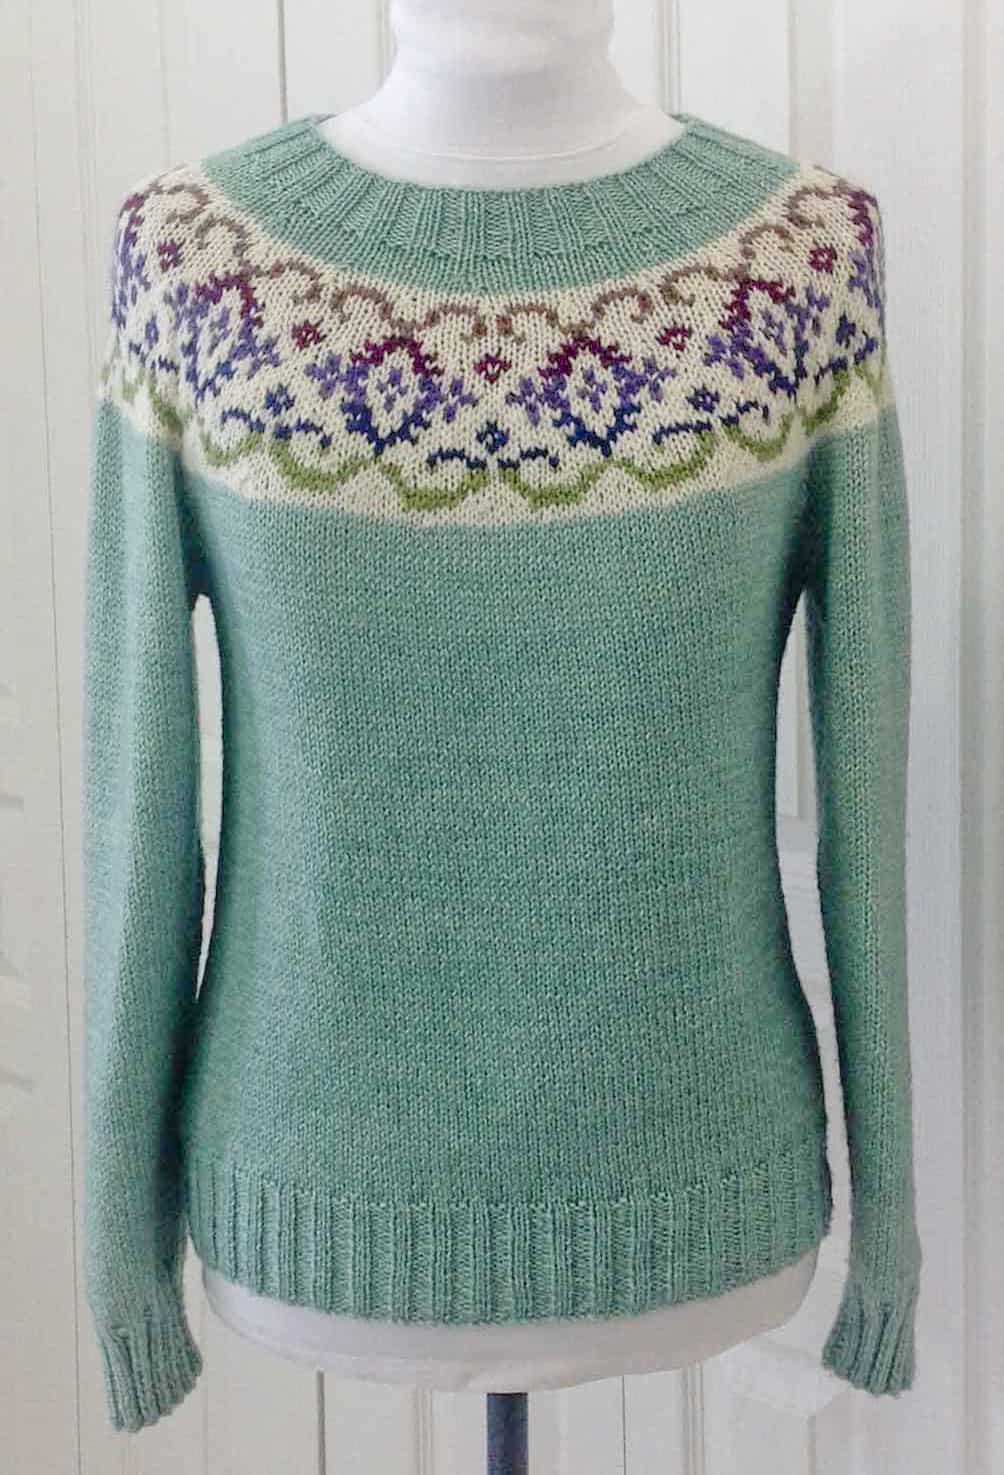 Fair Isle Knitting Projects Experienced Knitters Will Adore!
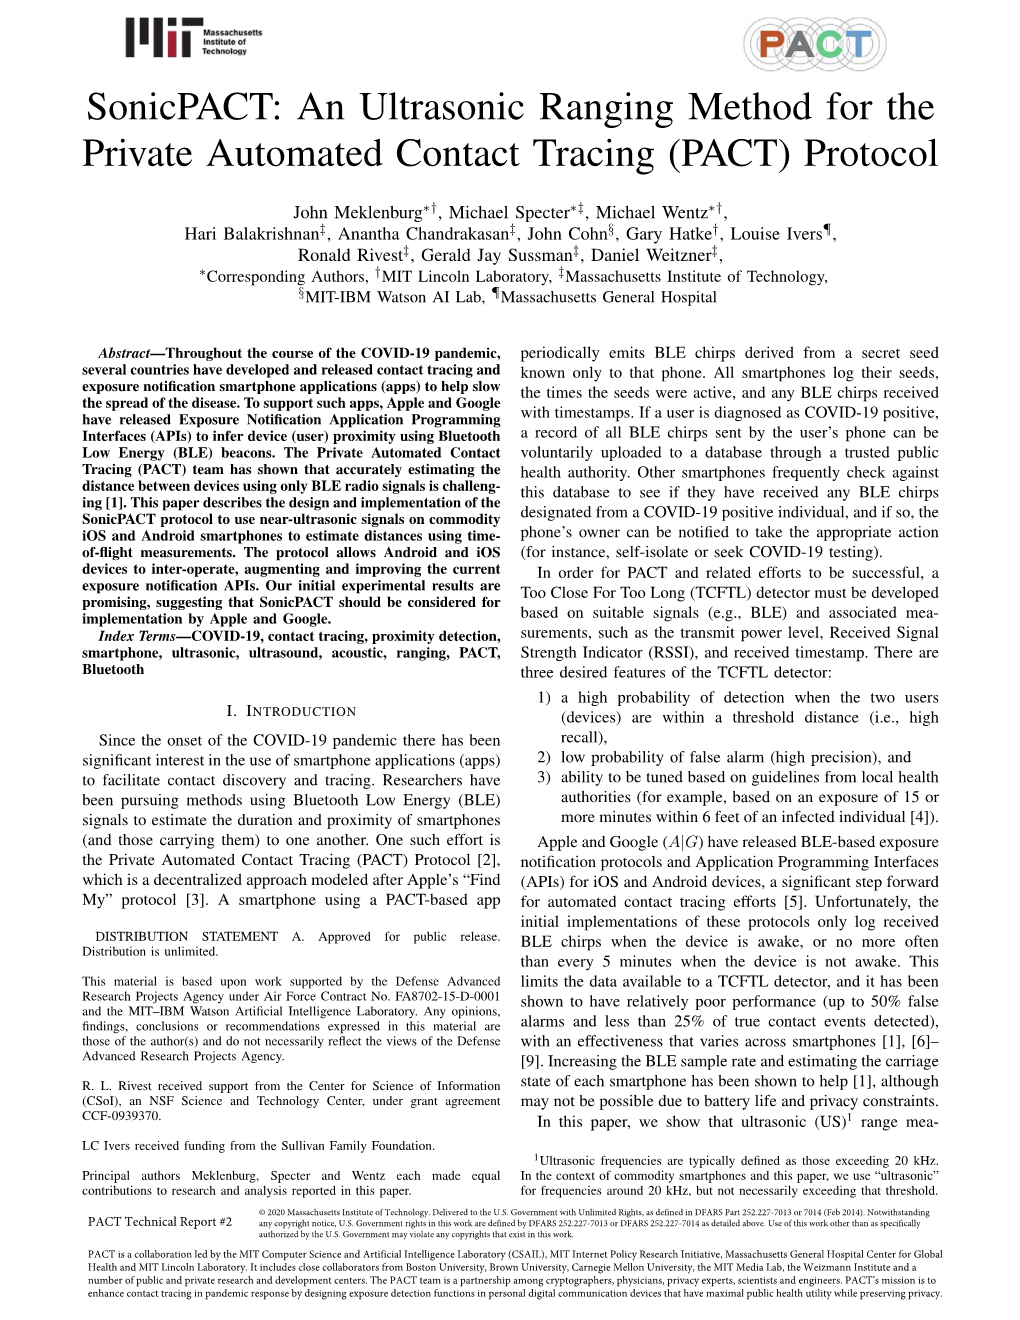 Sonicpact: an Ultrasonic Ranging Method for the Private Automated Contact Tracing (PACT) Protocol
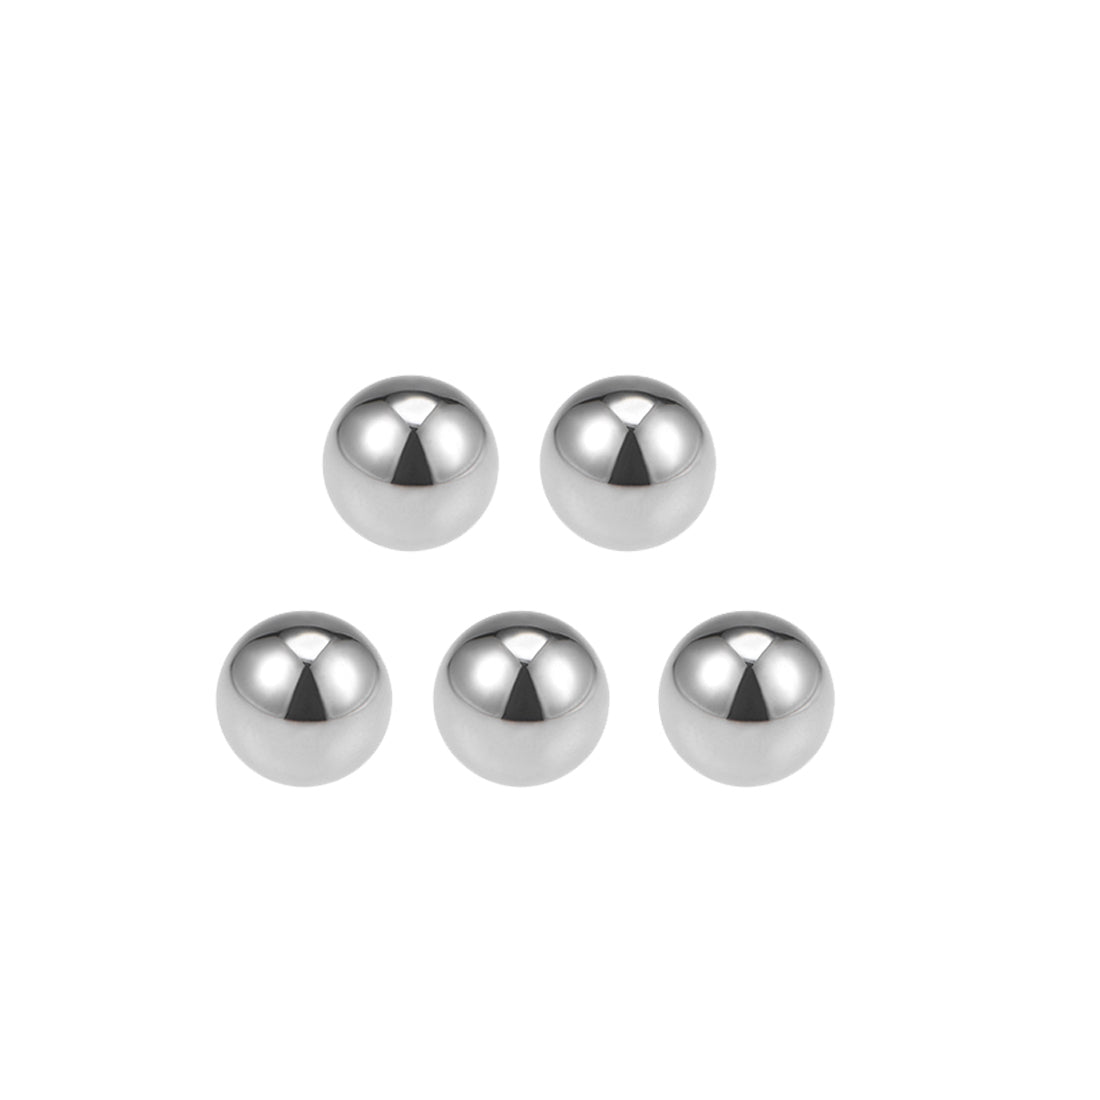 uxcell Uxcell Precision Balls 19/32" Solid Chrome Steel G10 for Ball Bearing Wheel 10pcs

===

The pictures are to be omitted, and the rest of the listing is to be transcribed exactly.

 Fair Isle Knitting Projects Experienced Knitters Will Adore!
 Sonicpact: an Ultrasonic Ranging Method for the Private Automated Contact Tracing (PACT) Protocol
 uxcell Uxcell Precision Balls 19/32" Solid Chrome Steel G10 for Ball Bearing Wheel 10pcs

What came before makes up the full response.